RAG Pipeline Deep Dive

Pipeline Execution Flow

Step-by-Step Breakdown

1. Query Normalization

query_text = _normalize_query_value(input.query)
# Handles string or dict input, extracts query value

2. Retrieval Phase

Vector Retrieval (Milvus):
  • Embed query using same model as documents
  • Cosine similarity search in vector space
  • Top-K results: VECTOR_RETRIEVER_TOP_K (default: 8)
BM25 Retrieval (Elasticsearch):
  • Lexical keyword matching
  • TF-IDF scoring
  • Top-K results: BM25_RETRIEVER_TOP_K (default: 8)
Hybrid Fusion:
# Weighted combination
score = (vector_score * WEIGHT_VECTOR) + (bm25_score * WEIGHT_BM25)
# Default weights: 0.5 / 0.5
Performance Timing:
retrieval_ms = int((time.monotonic() - t0) * 1000)
_perf_emit("retrieval_done", {"retrieval_ms": retrieval_ms, "docs_count": len(docs)})

3. Reranking (Optional)

If USE_RERANKER=true:
  • Model: BAAI/bge-reranker-v2-m3
  • Re-score top results for precision
  • Select top RERANK_TOP_K (default: 5)

4. RBAC Filtering

docs = _filter_docs_by_rbac(docs, user_info)
# Remove docs user doesn't have permission to access

5. Context Preparation

context = answer_service.prepare_context(
    inputs={
        "retrieved_docs": docs,
        "query": query_text,
        "original_query": query_text,
        "subqueries": [query_text],
    },
    user_info=user_info,
    chat_history=None,  # Added from thread memory if available
)
Context Structure:
  • context: Concatenated document chunks with source markers
  • sources: Dict of source documents with metadata
  • query: Current query
  • original_query: Original user query (before decomposition)
  • subqueries: List of decomposed queries (if enabled)

6. LLM Generation

raw_answer = answer_service.generate_answer_with_prepared_context(
    context=context,
    answer_prompt=AnswerWithKeywordsPrompt,
)
Prompt Structure:
You are Olis, an intelligent assistant that answers questions using provided documents.

Context:
[Document chunks with [Source: doc_1] markers]

Question: {query}

Instructions:
- Provide a comprehensive answer using the context
- Include specific examples and details
- Cite sources using [Source: doc_id] format
- Structure your answer with:
  - callout_answer: Main answer summary
  - positive_list: Specific points/facts supporting the answer
  - negative_list: Caveats/limitations
  - info_list: Additional relevant information
  - keywords: Key terms from the answer

Format your response as JSON.
LLM Configuration:
  • Model: RAG_GENERATOR_MODEL (default: gpt-4o-mini)
  • Temperature: RAG_LLM_TEMP (default: 0.0)
  • Top-P: RAG_LLM_TOP_P (default: 0.2)
  • Max tokens: Configured via OLLAMA_NUM_PREDICT or model default

7. Post-Processing

# Flatten answer + keywords structure
payload = answer_service.flatten_ak(context)

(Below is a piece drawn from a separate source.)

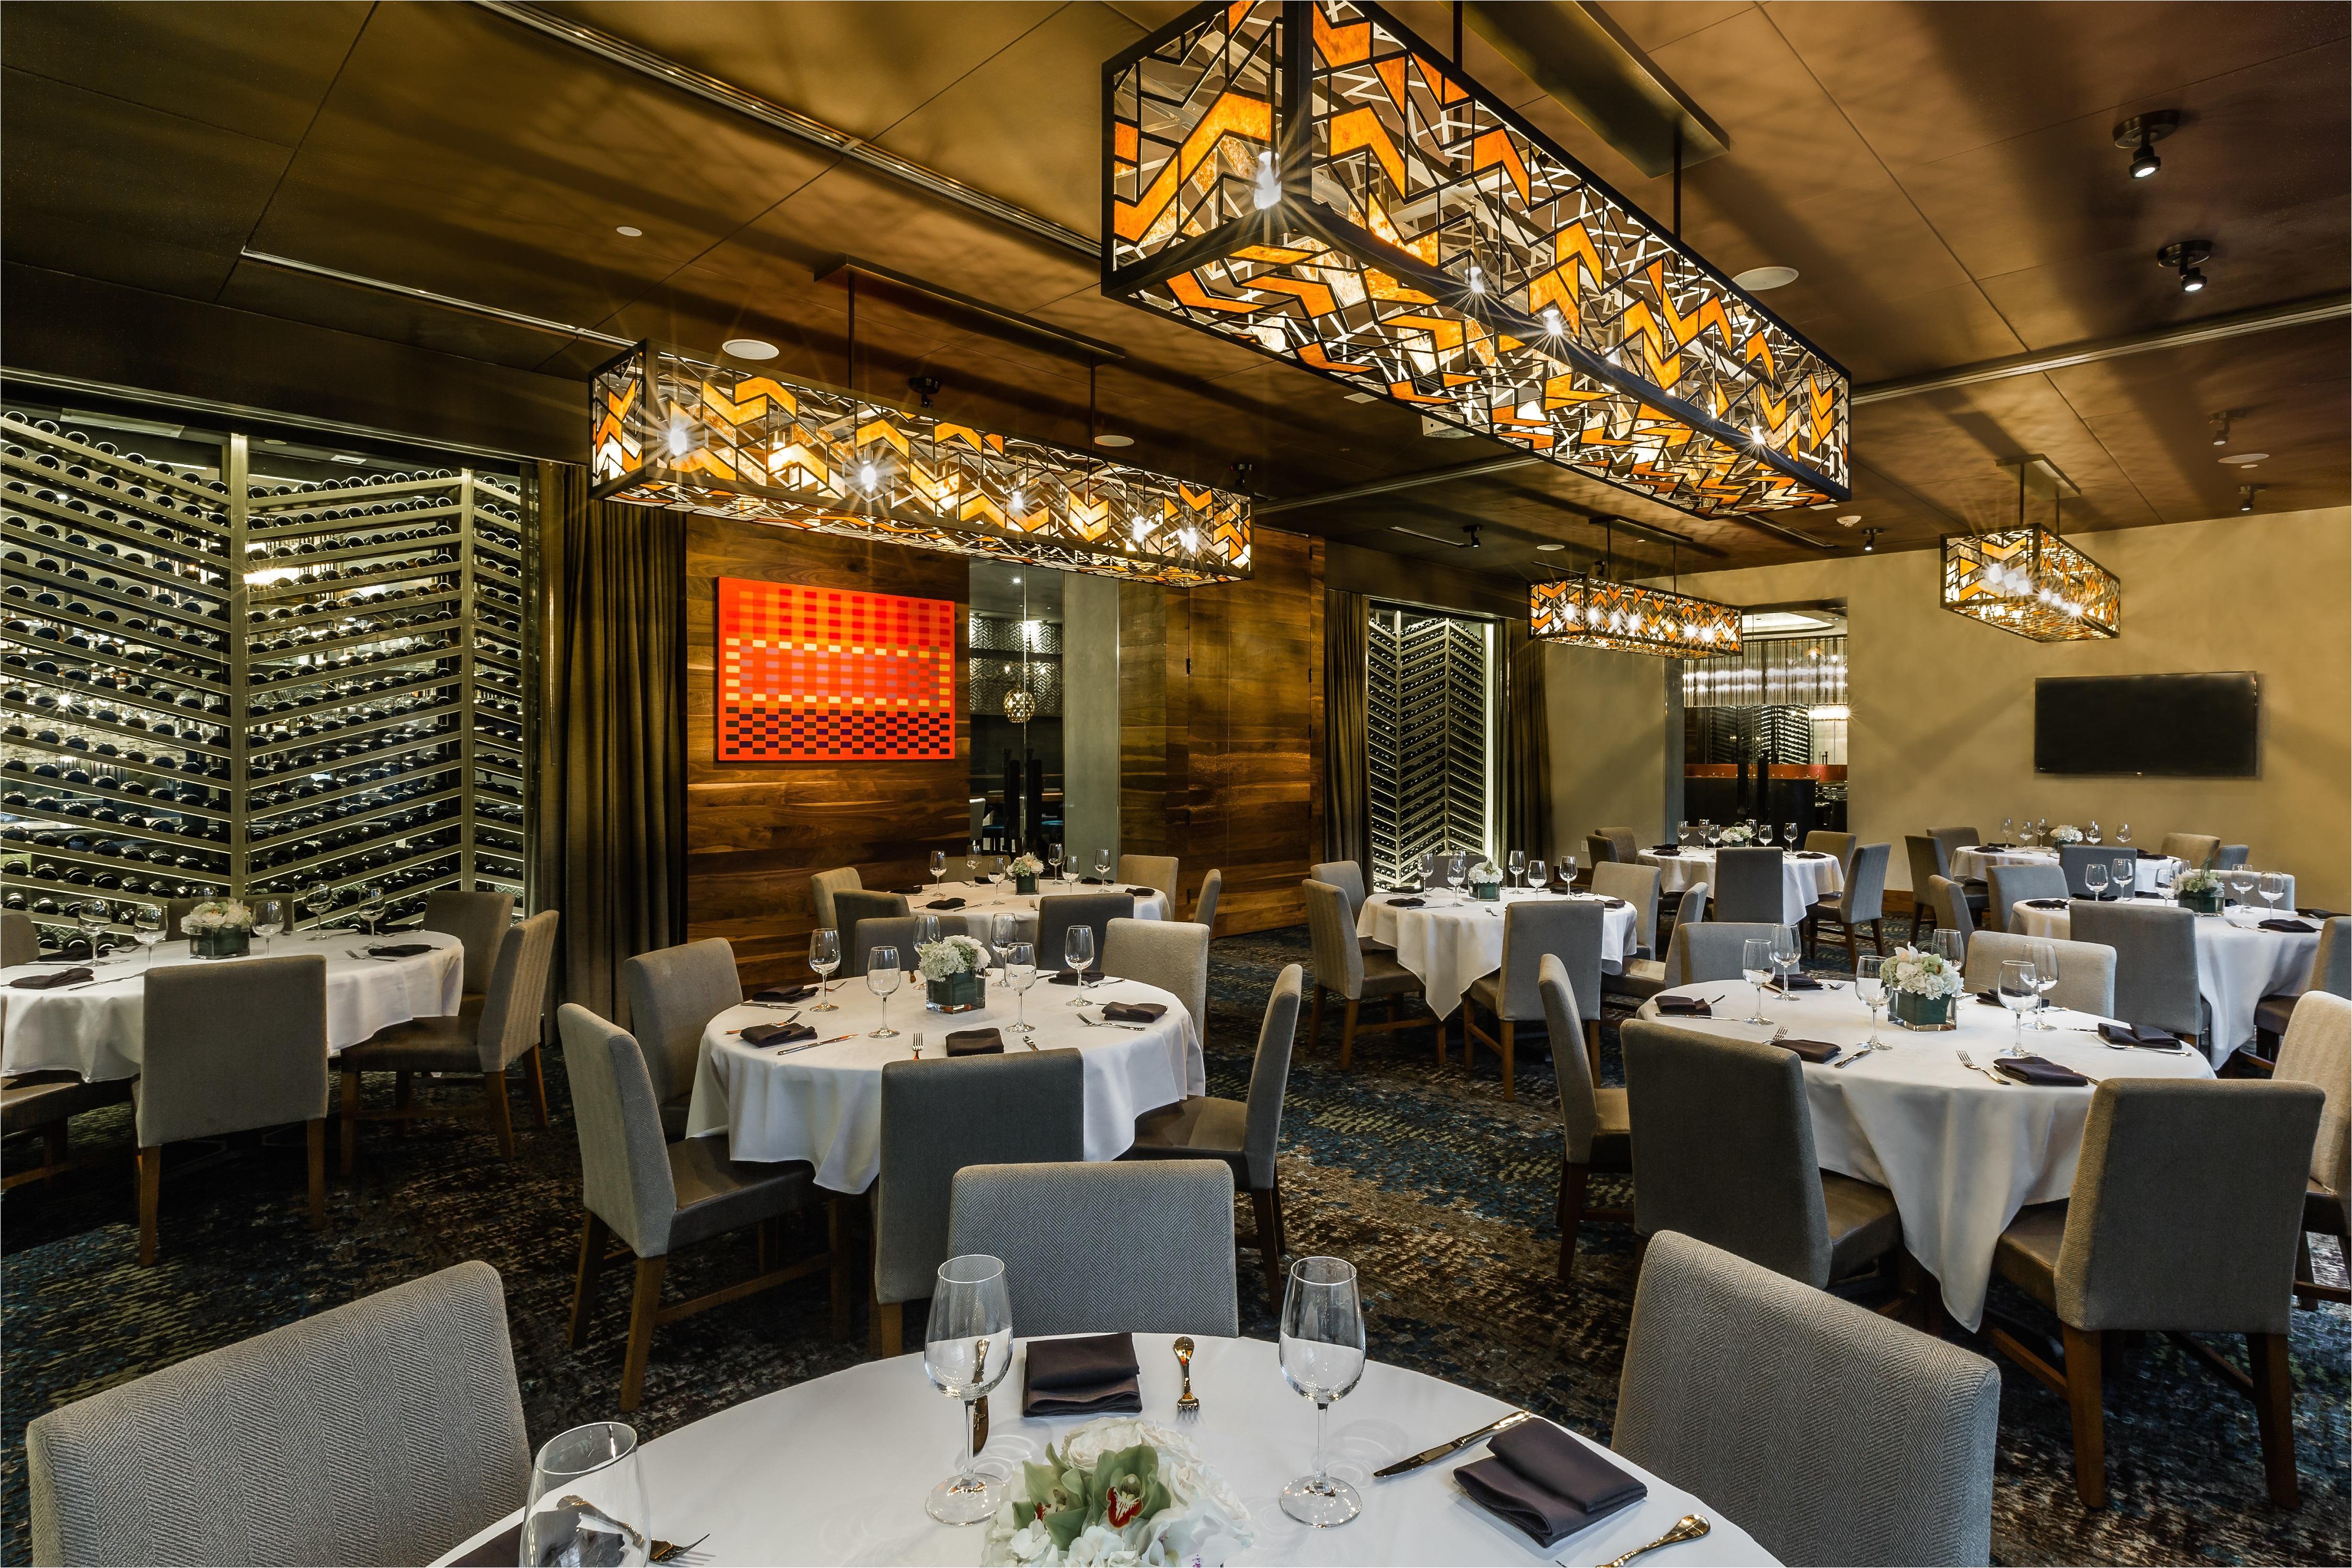 del frisco s double eagle steakhouse orlando grand cru whole cellar private dining room

# Coalesce citation keys ([Source: doc_1] -> sources dict)
payload = answer_service.coalesce_citation_keys(payload)

# Remove unused sources not cited in answer
payload = answer_service.prune_sources_by_citations(payload)

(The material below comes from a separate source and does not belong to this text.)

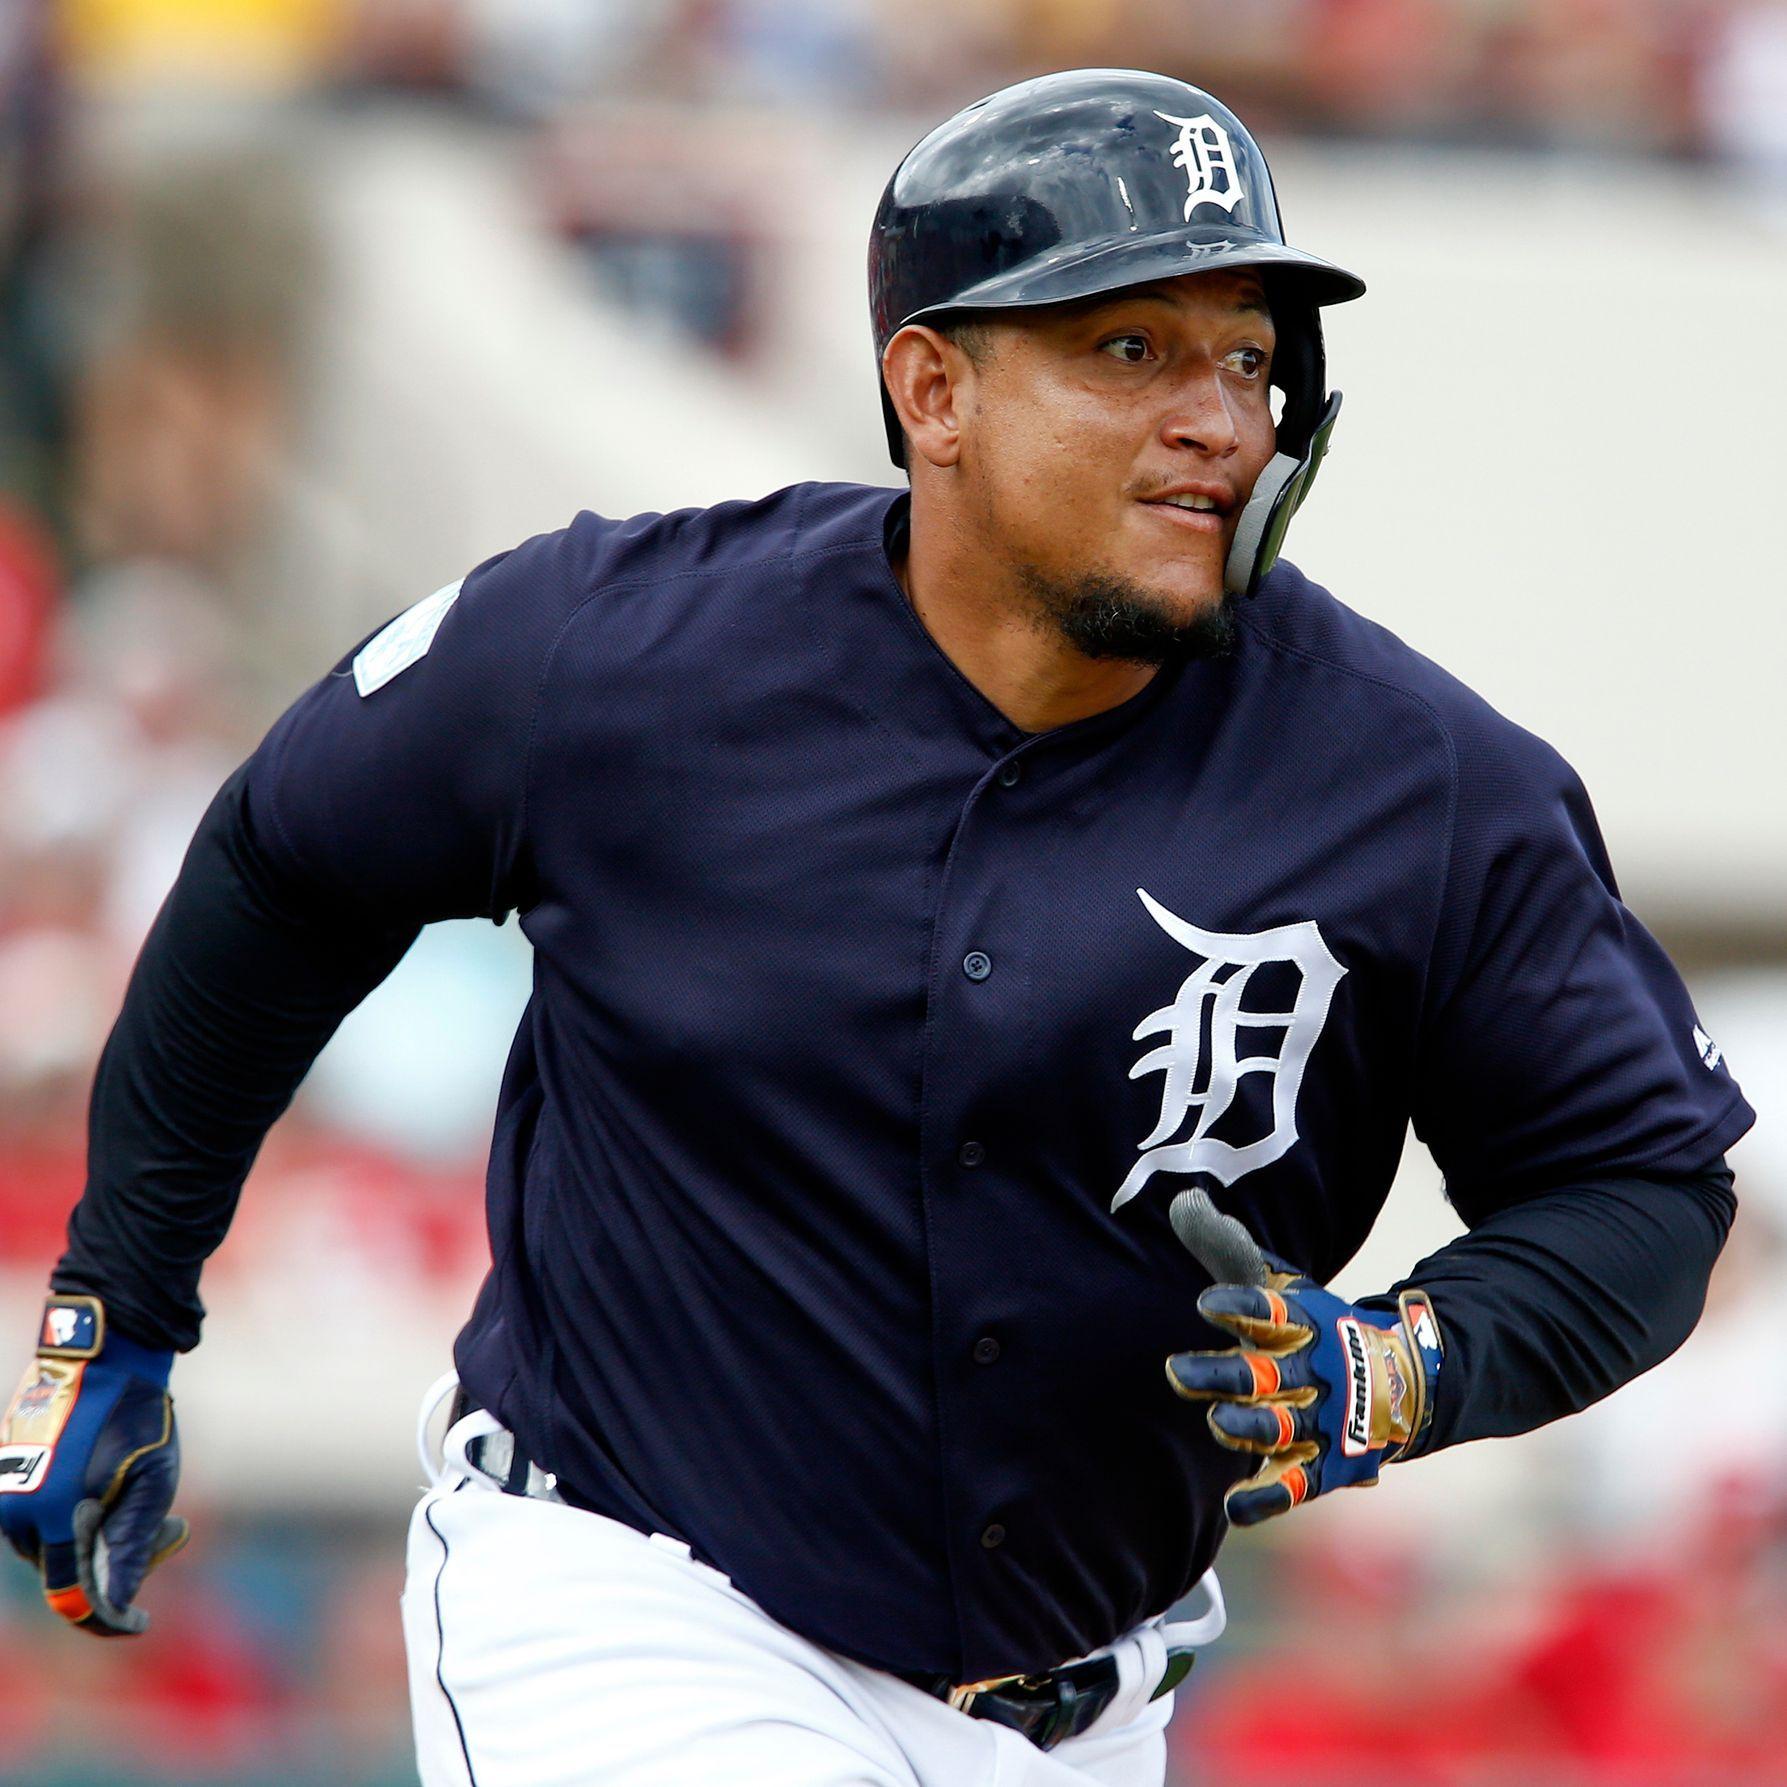 Talkin' Tigers: Dan Dickerson and Matt Shepard preview the 2019 season

# Parse JSON string answers to objects
payload = _maybe_parse_answer(payload)

8. Fast Path (Empty Context)

If SKIP_LLM_ON_EMPTY_CONTEXT=true and no docs retrieved:
{
  "answer": {
    "callout_answer": "No information could be found for the question based on the provided sources.",
    "positive_list": [],
    "negative_list": [],
    "info_list": [],
    "keywords": []
  },
  "sources": {},
  "query": "..."
}
Saves LLM cost and latency when no relevant docs found.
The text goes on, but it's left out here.